Content starts
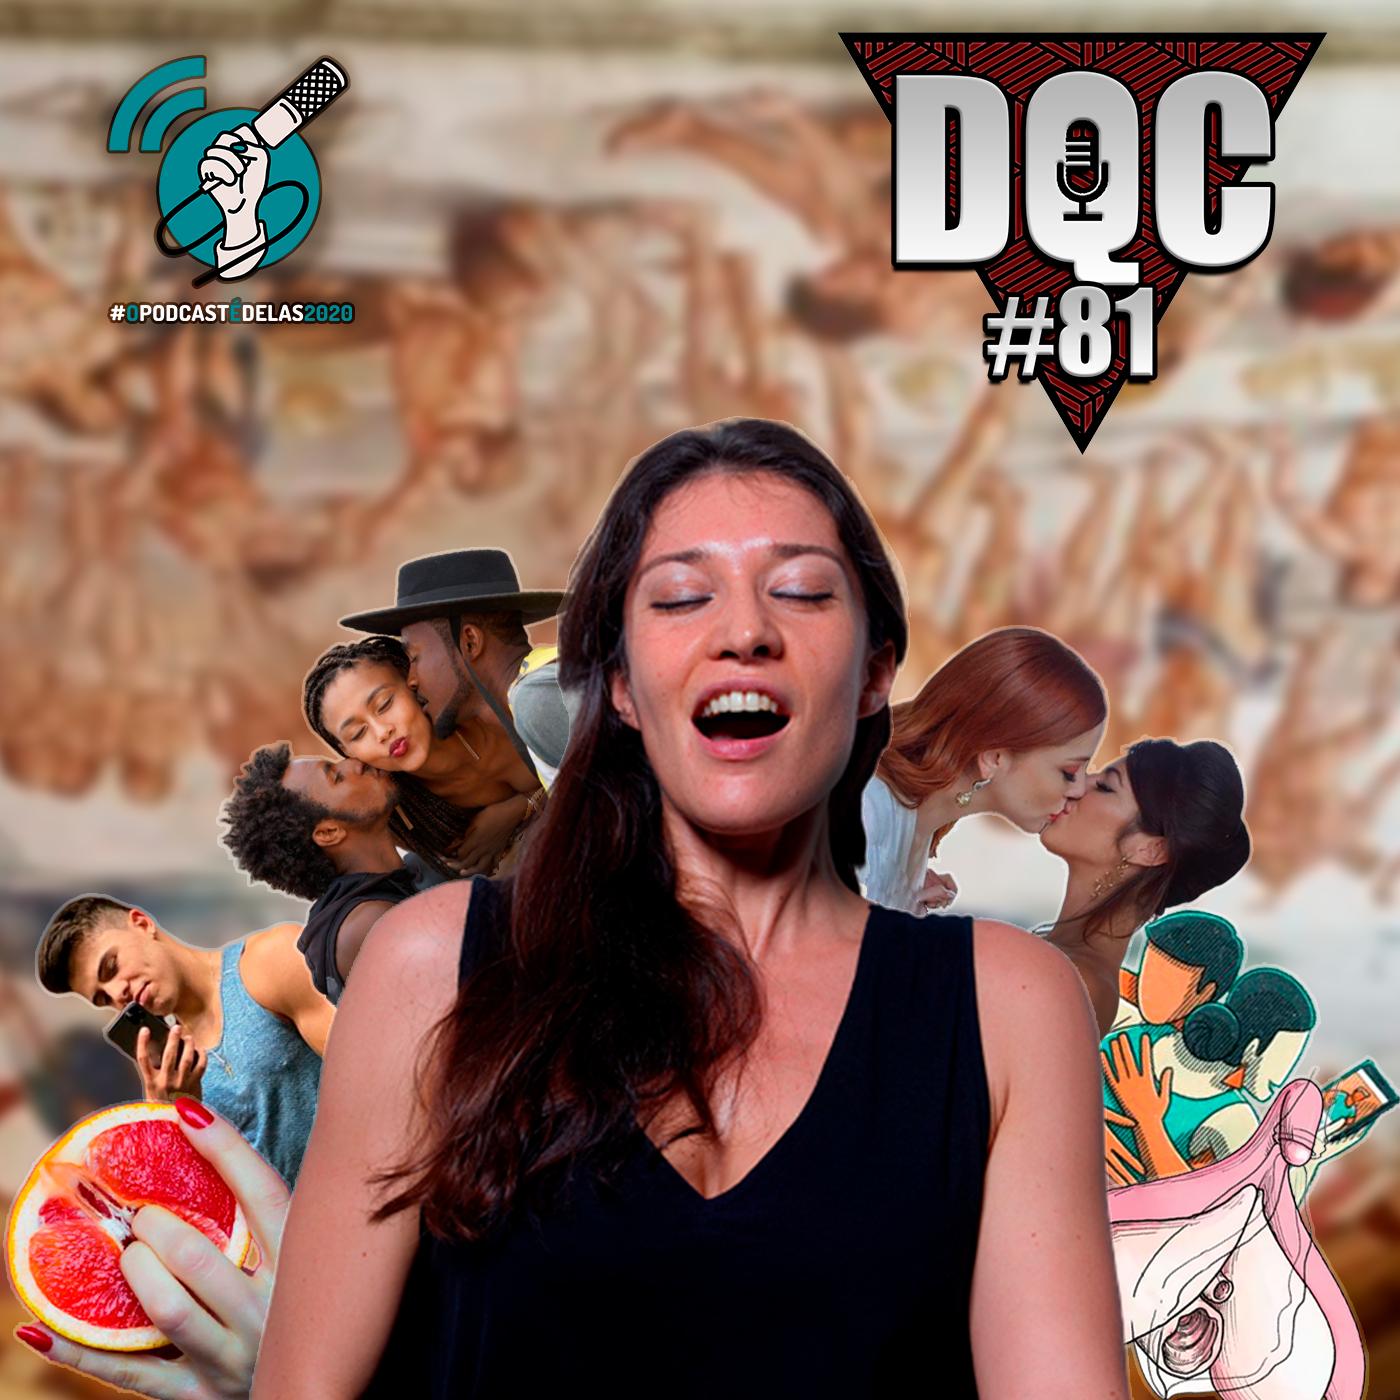 DQC #81 - O Sexo e Elas - Emerson Alves
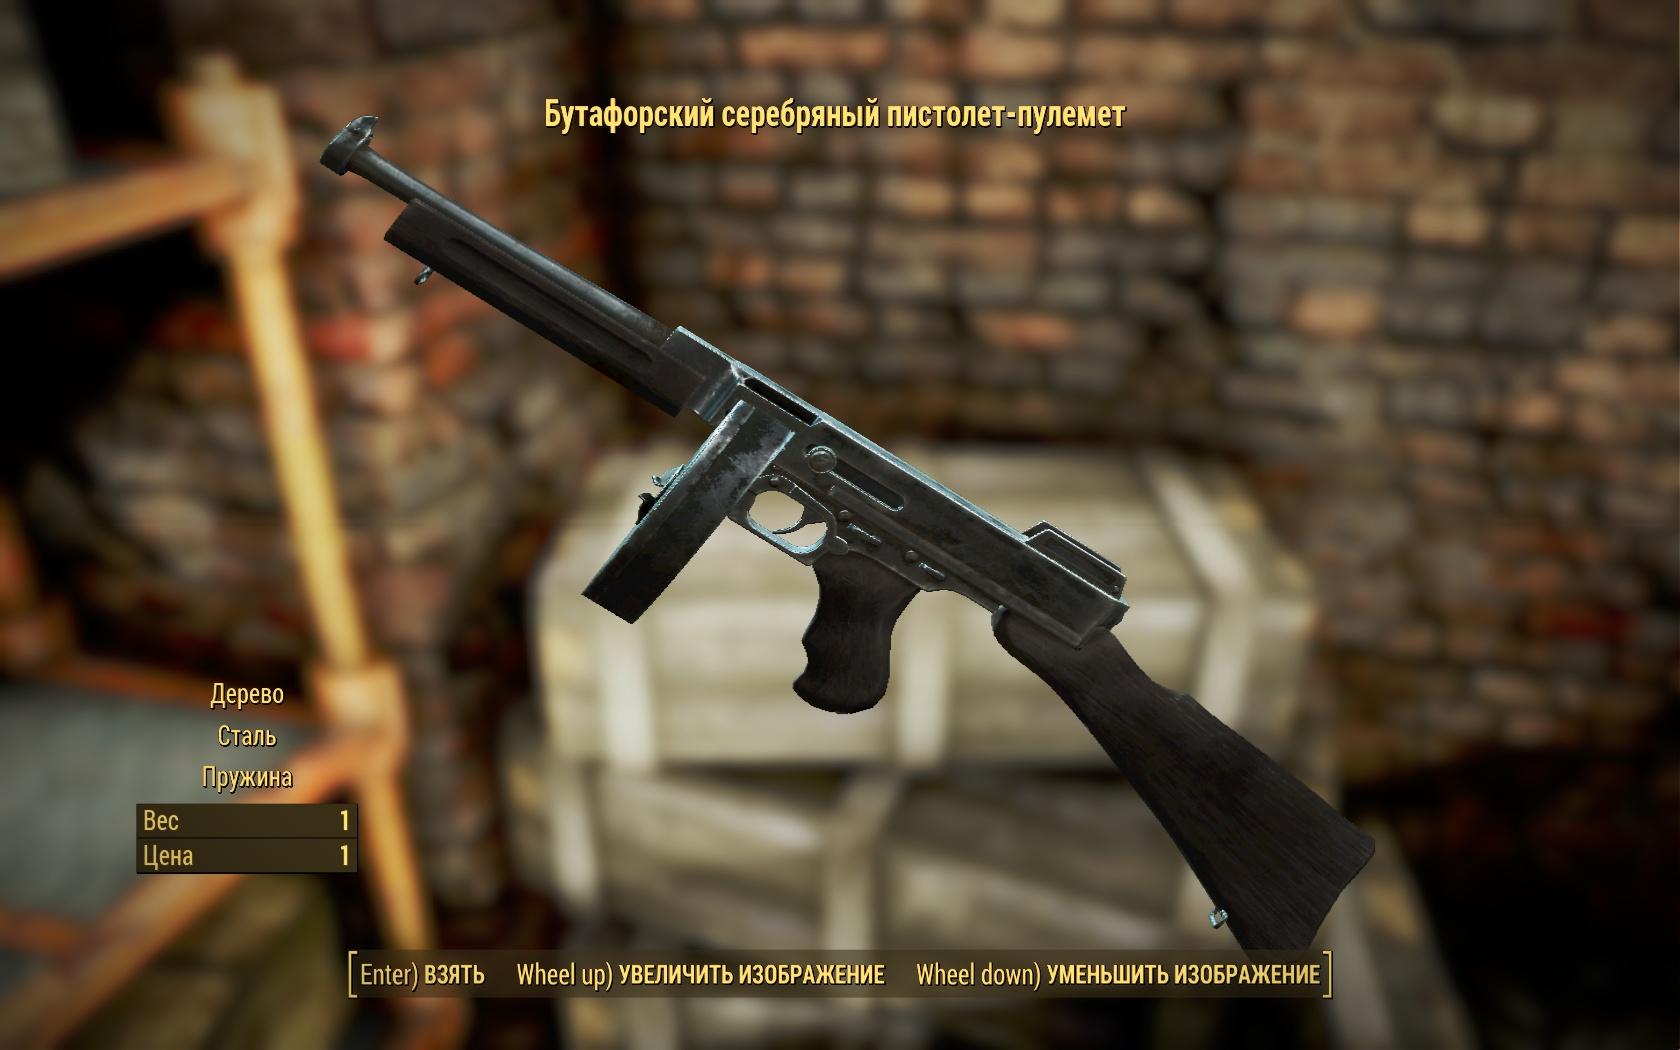 Бутафорский серебряный пистолет-пулемёт (Хьюбрис Комикс) - Fallout 4 Бутафорский, Комикс, Оружие, пистолет-пулемёт, серебряный, Хьюбрис, Хьюбрис Комикс
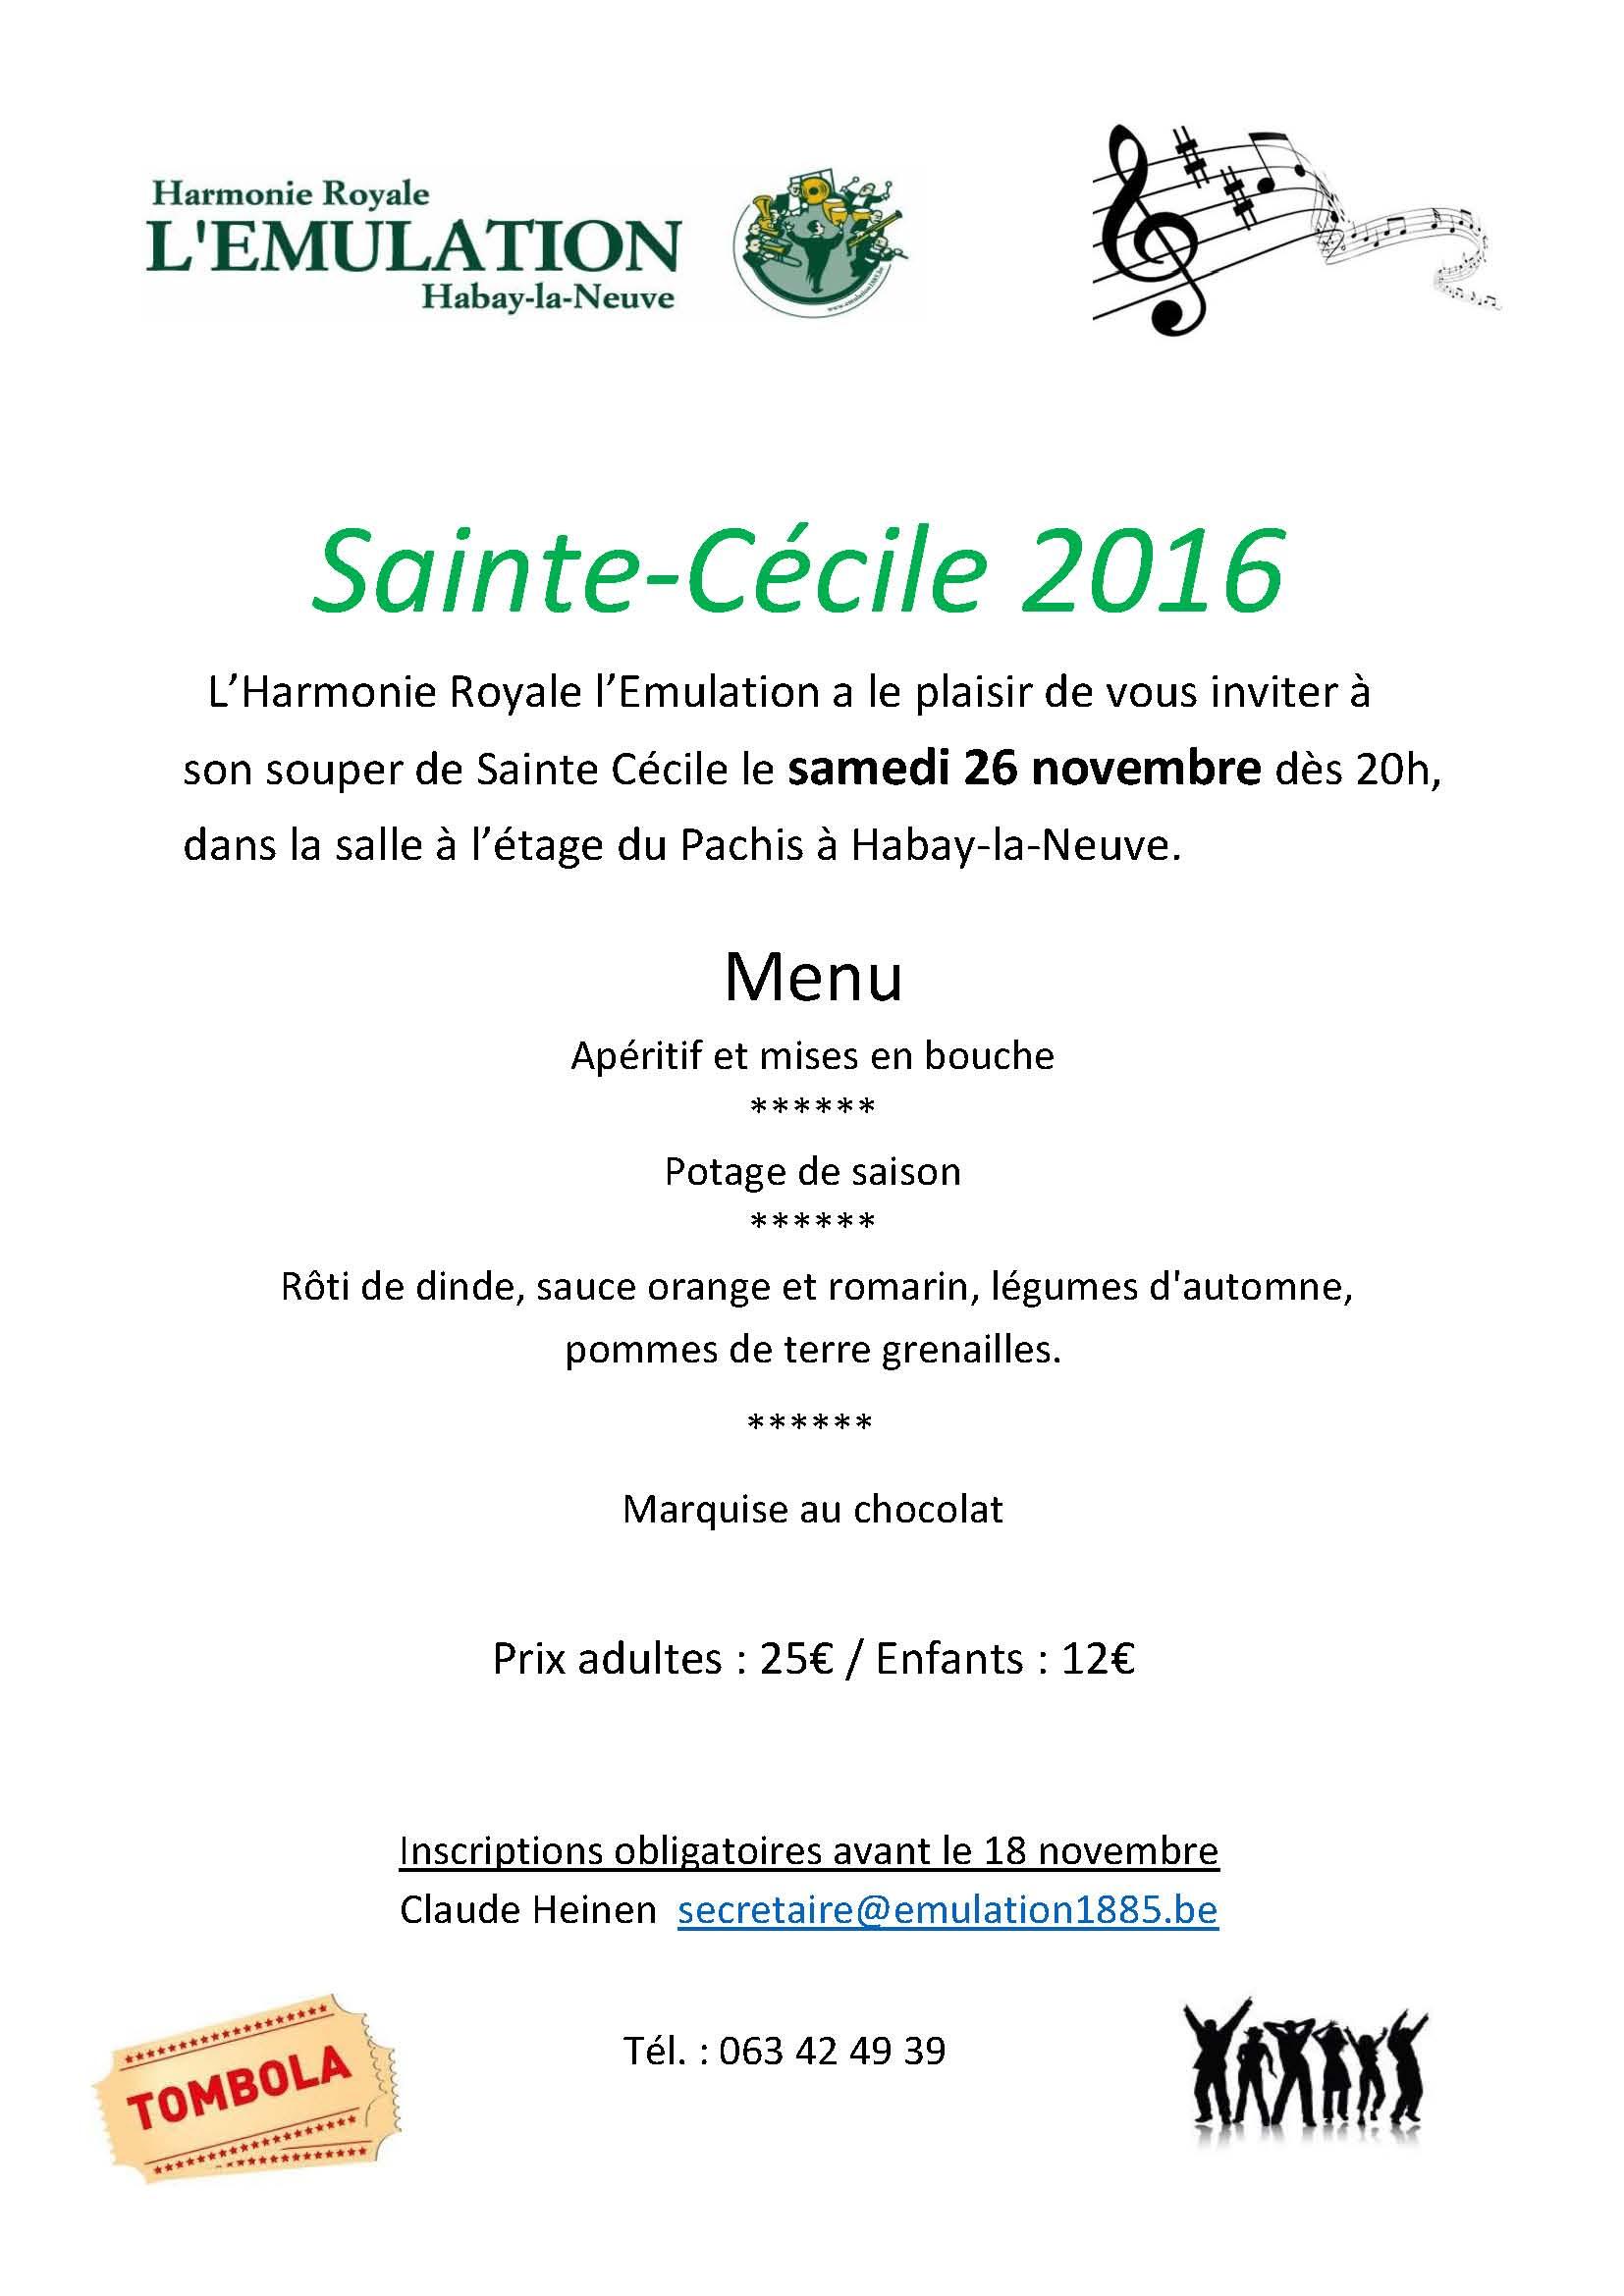 affiche-sainte-cecile-2016-copie
Content ends
◆ Task item
Set the data above down again exactly as given, with no pictures.

◆ Exercise response
 DQC #81 - O Sexo e Elas - Emerson Alves
 Бутафорский серебряный пистолет-пулемёт (Хьюбрис Комикс) - Fallout 4 Бутафорский, Комикс, Оружие, пистолет-пулемёт, серебряный, Хьюбрис, Хьюбрис Комикс
 affiche-sainte-cecile-2016-copie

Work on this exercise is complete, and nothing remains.